How to swap the positions of Min and Max in an array?

Here in the code I found the min and max values of any given array . Now I want to swap their positions, and print them out. Like Min at position of Max and vice versa. How can I change their positions? I have done it wrong, I guess.

#include <iostream>

using namespace std;

int main()
{
    int array[8] = { 0, 0, 0, 0, 0, 0, 0, 0}; 
    int min = array[0]; 
    int max = array[0]; 
    int indexOfMin = 0; 
    int indexOfMax = 0; 
    int arrSize = sizeof(array)/sizeof(array[0]); 
    int temp = 0; 

    cout << "Enter an array: "; 

    int k;
    for(k = 0; k <= arrSize; k++){ 
        cin >> array[k];
    }

    for (int i = 0; i < arrSize; i++){ 
         if(array[i] >= max ){          
            max = array[i];            
            indexOfMax = i;            
        }
    }

    for (int i = 0; i < arrSize; i++){ 
        if(array[i] == min){           
            continue;
        }
        if(array[i] < min){
            min = array[i];
            indexOfMin = i;
        }
    }

    temp = min;
    min = max;
    max = temp;

    cout << array[k] << " " <<endl;

    return 0;
}

Input = 1, 5, 9, 1, 2, 9, 1, 3
Output = 9, 5, 9, 1, 2, 1, 1, 3

int min = array[0];
int max = array[0];

You don't know that yet. array[0] at this point of the program is 0 ... but 0 might not be an element of the array after user input.

int indexOfMin = 0;
int indexOfMax = 0;

Indexes into and the sizes of objects in memory should be of type std::size_t (<cstddef>) because it is guaranteed that std::size_t is big enough. There is no such guarantee for int.

int arrSize = sizeof(array) / sizeof(array[0]);

Use std::size() (<iterator>) for clearer code:

auto const arrSize{ std::size(array) };

int k;
for (k = 0; k <= arrSize; k++) {
    cin >> array[k]; 
}

Valid array indexes range from 0 to < N for an array array[N]. You access the array out of bounds.
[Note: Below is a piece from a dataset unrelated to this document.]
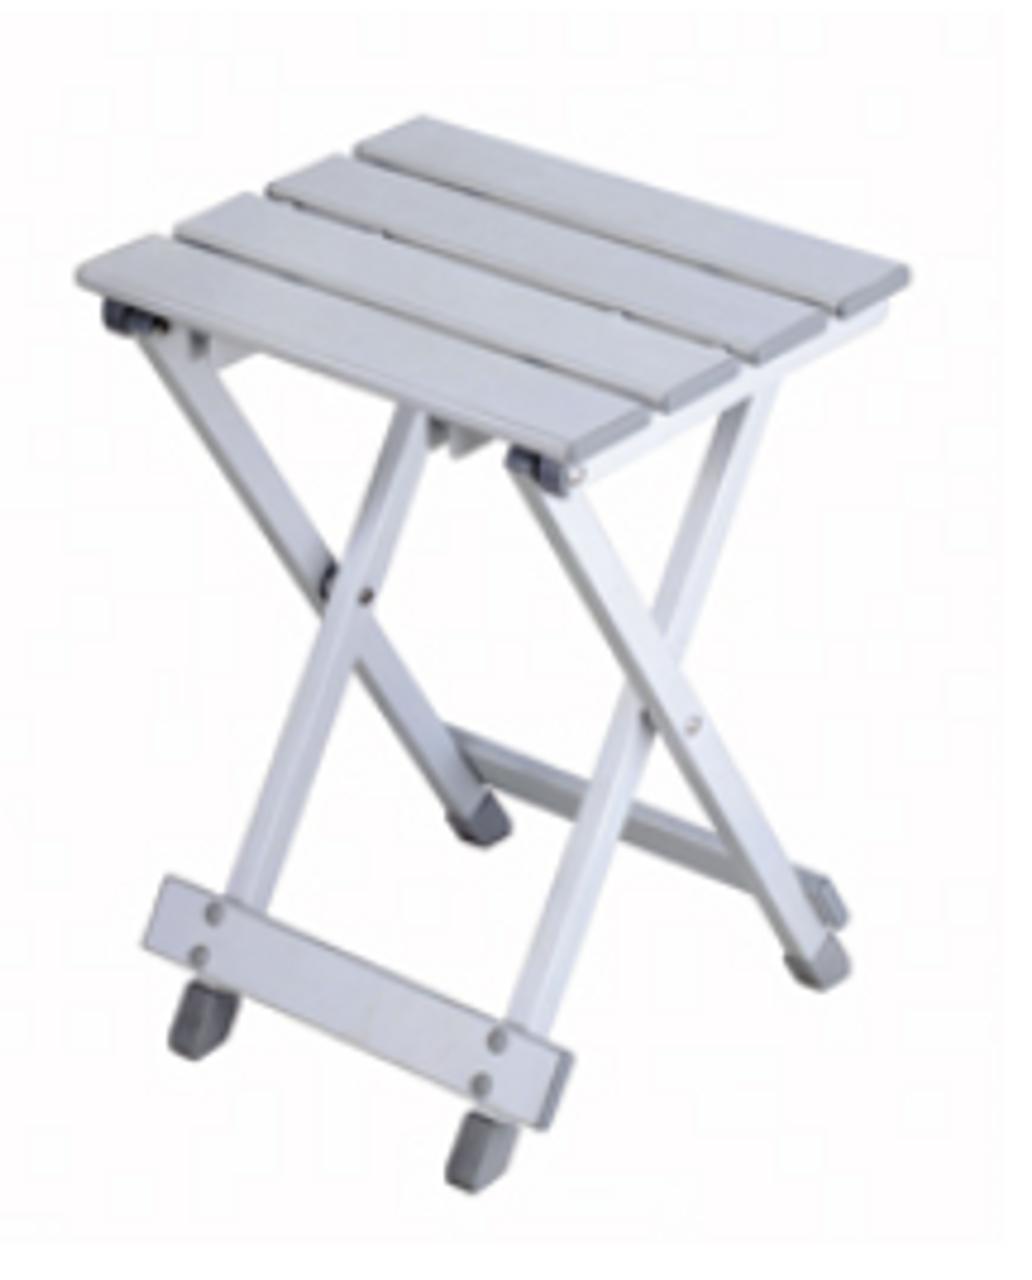 SMALL ALUMINUM TABLE- FOLDING (03-1030)

Use k < arrSize as condition. k should be of type std::size_t.

for (int i = 0; i < arrSize; i++) {
  if (array[i] >= max) {
      max = array[i];
      indexOfMax = i;
  }
}

for (int i = 0; i < arrSize; i++) {
  if (array[i] == min) {
      continue;
  }
  if (array[i] < min) {
      min = array[i];
      indexOfMin = i;
  }
}

If you had defined int min = array[0]; and int max = array[0]; after user input you could start these loops with i = 1. The if (array[i] == min) { continue; } buys you nothing. In contrary it wastes time with an additional comparison. Also, both loops can be combined into one:

int min{ array[0] };
int max{ array[0] };

std::size_t indexOfMin{ 0 };
std::size_t indexOfMax{ 0 };

for (size_t i{ 1 }; i < arrSize; ++i) {
    if(array[i] < min) {
        min = array[i];
        indexOfMin = i;
    }
    else if(array[i] > max) {
        max = array[i];
        indexOfMax = i;
    }
}

temp = min;
min = max;
max = temp;

Will swap the values of the variables min and max. Also, if swapping the minimal and maximal values in the array could be done that way, why remember their position? Try

temp = array[indexOfMin];
array[indexOfMax] = array[indexOfMin];
array[indexOfMin = temp];

So at the end i just write

for (k = 0; k <= 7; k++) {
    cout << array[k] << " " << endl;
}

?

No, you write

for (std::size_t k = 0; k < arrSize; k++) {
    std::cout << array[k] << " ";
}
std::cout.put('\n');

because you (should) have declared the previous k from the input loop inside the for-loop and you make it a good habit to declare and define variables as close to where they're used as possible. Also, since you want a list in one line don't use std::endl inside the loop but print a '\n' afterwards.